Lilliam Moro
Todos los seres humanos estamos expuestos en algún momento de nuestra vida, en mayor o menor medida, al síndrome de la ausencia del sentido del ridículo. Todo depende de si nuestro ego está acostumbrado a comportarse humildemente, sin afán de sobresalir, o si es un ego desmesurado, como le ocurre a algunos personajillos que solo tienen ego a falta de valores intrínsecos.
Este fenómeno se hace más evidente entre los dictadores que en el mundo han sido, quizás porque el poder los ciega de tal manera que pierden los límites.
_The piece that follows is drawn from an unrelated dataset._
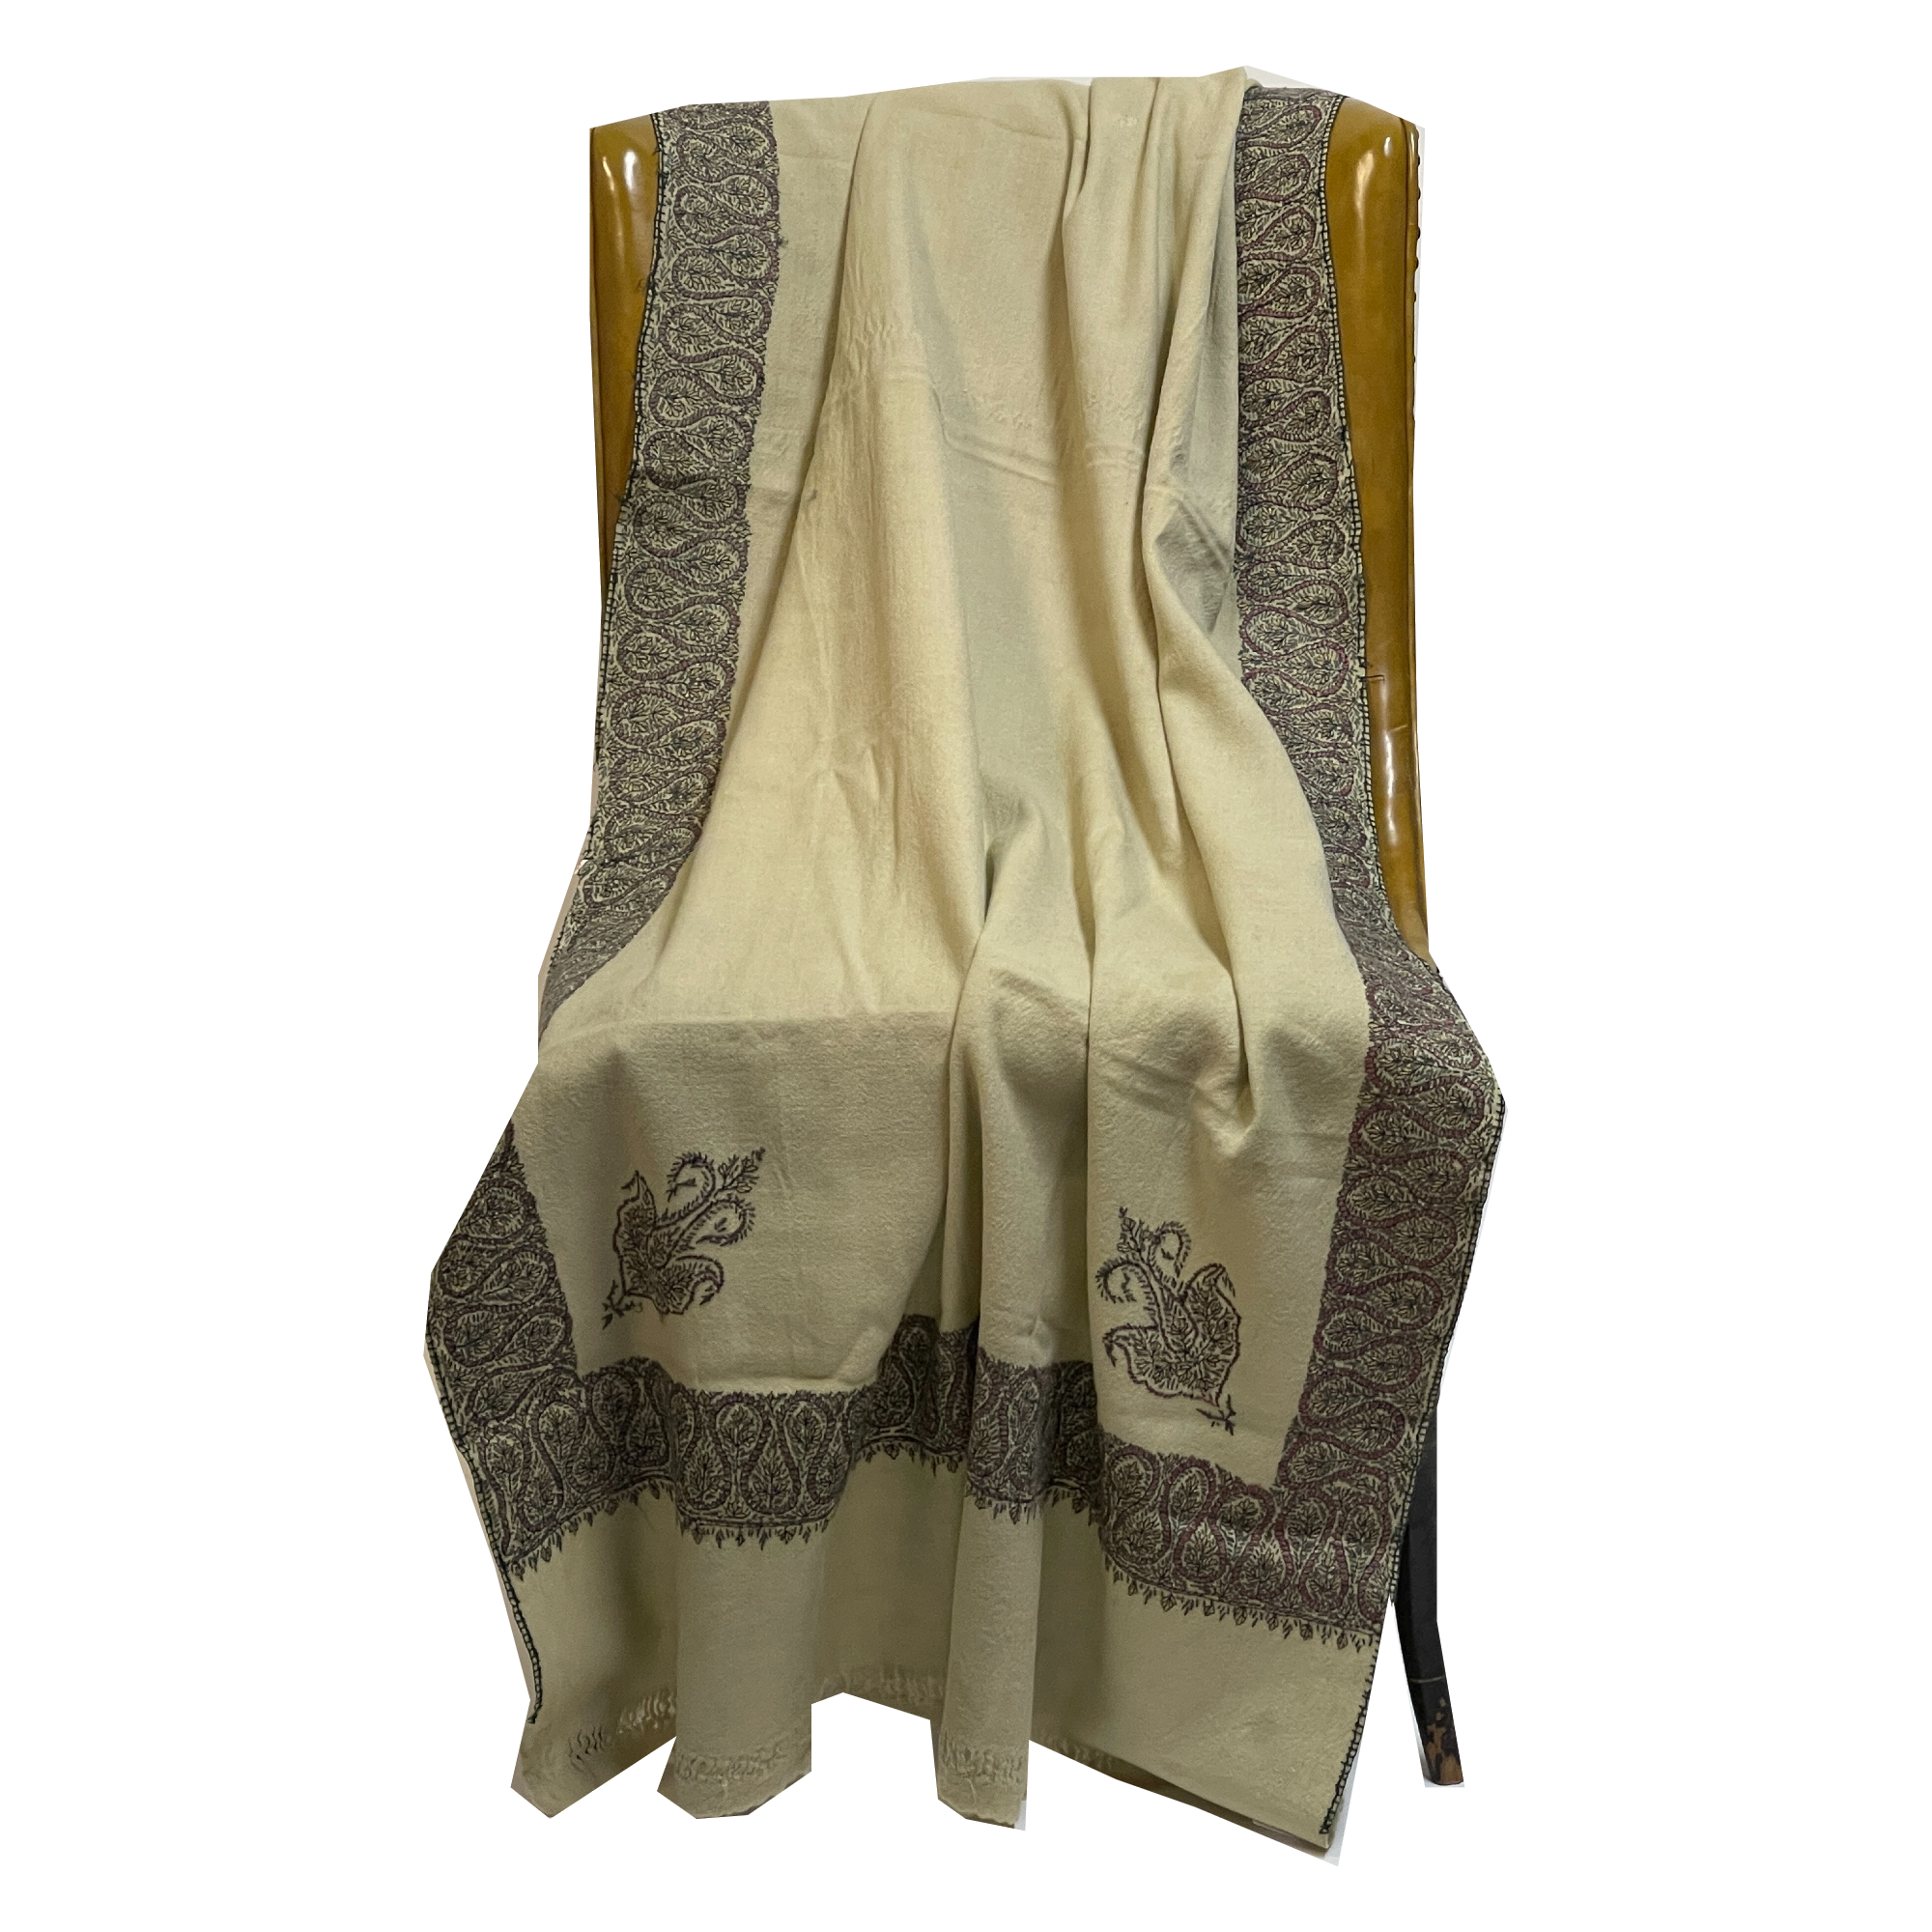 Vintage Handmade Kashmiri Shawls - 2 Styles - Vintage India NYC

Juegan a ser un dios, y lo peor es que se lo creen. Estos individuos, causantes de las mayores catástrofes políticas y sociales, tienen siempre un gesto que los delata: no hay más que recordar imágenes de los discursos de Hitler, Mussolini y toda esa caterva de seres, y más recientemente a Fidel Castro moviendo las manos y los dedos desde la tribuna mientras declamaba encendidos discursos.
Pero el caso del difunto Hugo Chávez es para encabezar una antología: su ausencia total de sentido del ridículo se expresaba de diferentes maneras, desde su camisa roja o la que imitaba la bandera de Venezuela, hasta entonar la ranchera esa de "yo sigo siendo el rey". Su carencia tuvo además el añadido de la vulgaridad, una variante novedosa con sello personal.
Y para ser coherente hasta el final de los finales, ahora se presentará en público pero embalsamado: tieso, inerte, con un forzado rictus post mortem. Desde luego, ha roto los moldes hasta ahora conocidos. Es su mayor triunfo después de muerto el continuar siendo el paradigma de la ausencia del sentido del ridículo.